Alex glared. Cuthbert grinned. Neither made a sound.
Regulus didn’t open his eyes. Didn’t move. He sat there, breathing even, maybe resting, maybe thinking.
Hermes stood a few paces away. His pupils contracted.
He hadn’t understood what Regulus did either. No spell-light. No magical fluctuation. Not even a proper casting motion. A single point of the wand.
But he’d felt it.
The instant the space around the dummy’s head warped, something lethally dangerous washed over him.
Even at that distance, with only the faintest echo reaching him, a chill crawled up his spine and his hand found his wand grip on its own.
Cuthbert and Alex understood Regulus’s strength in terms of skill.
Fast casting. Precise aim. Raw power. Combat instinct. Things you could see, imitate, and close the gap on through practice.
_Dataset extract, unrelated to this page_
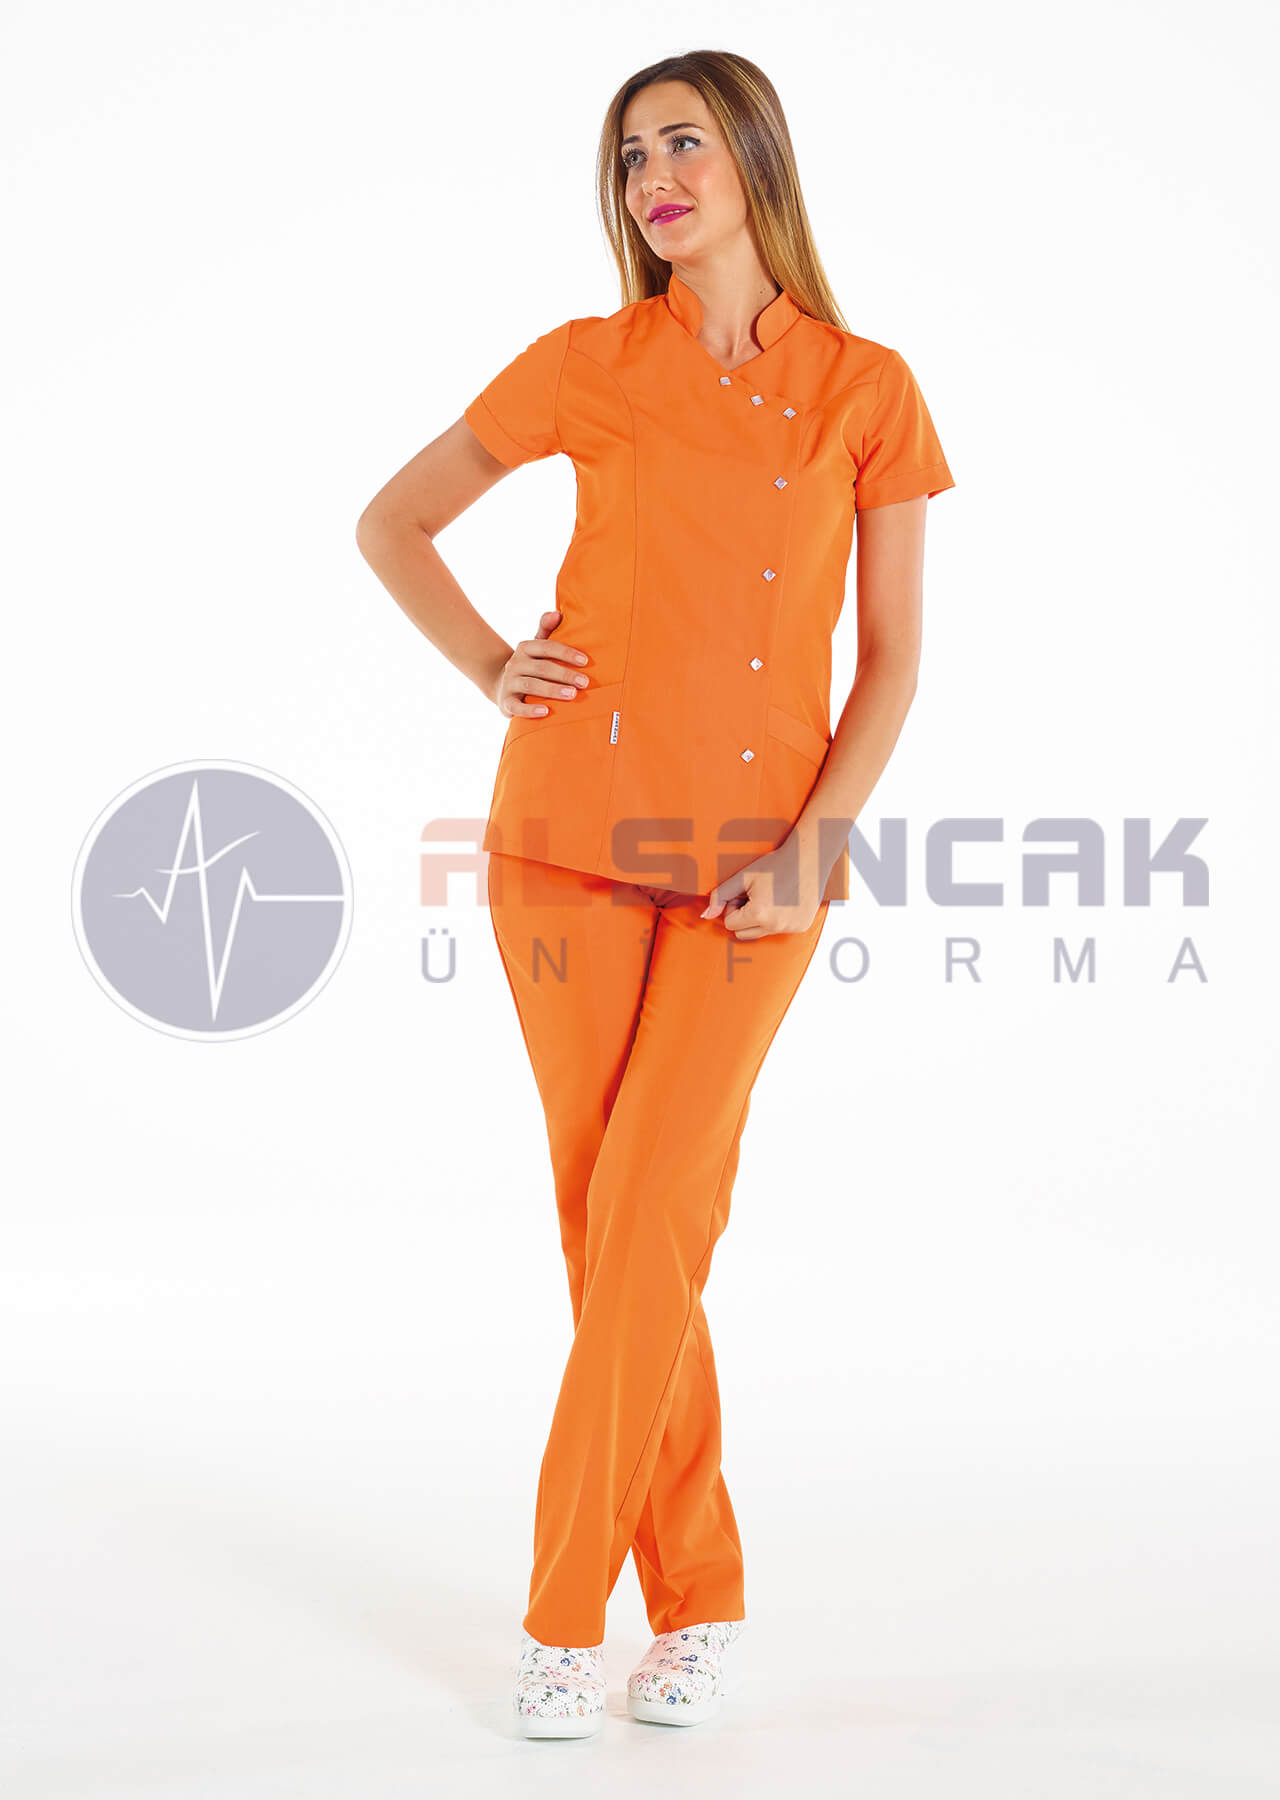 Turuncu Luxe Model Hemşire ve Doktor Forması Takımı

They thought Regulus was formidable because he knew more, trained harder, and thought sharper.
Hermes sensed something else. Regulus’s magic operated on a different plane entirely.
He walked to the bench and sat on Regulus’s far side.
Four of them in a row, no one speaking.
At the far end, Cuthbert and Alex kept up their silent poking war, stifled laughter, movements small enough not to disturb.
Hermes sat at the edge, arms on his knees, gaze lowered, thoughts elsewhere.
Regulus kept his eyes closed, running through what had just happened.
If he wanted to use this in actual combat, the problems were still stacked deep.
Distance, first. He’d stood three meters from the dummy, and locking on through completion had taken close to two seconds.
In a real fight, no opponent would stand within three meters and wait. No one would give him two seconds to prepare.
Then targeting. The dummy was stationary. Easy to lock onto. A living person would move, dodge, throw spells to disrupt.
Locking onto the spatial coordinates of a moving target multiplied the difficulty several times over.
And then the cost. That single twist, enough to destroy a wooden head, had left him like this.
Against a real person, the drain would at least double.
But if he could solve all of that...
Regulus opened his eyes and looked at the headless dummy.
The value of this technique was that it had no process. Once Spatial Transfiguration acted on the target, the opponent had no chance to dodge.
The only limitation was his own ability. More practice. That was all.
Twenty minutes later, he stood and rolled his shoulders. His focus had mostly recovered.
Hermes rose with him. He said nothing, but the light in his eyes was impossible to hide.
Regulus looked at him, the corner of his mouth lifting. "How do you want to do this?"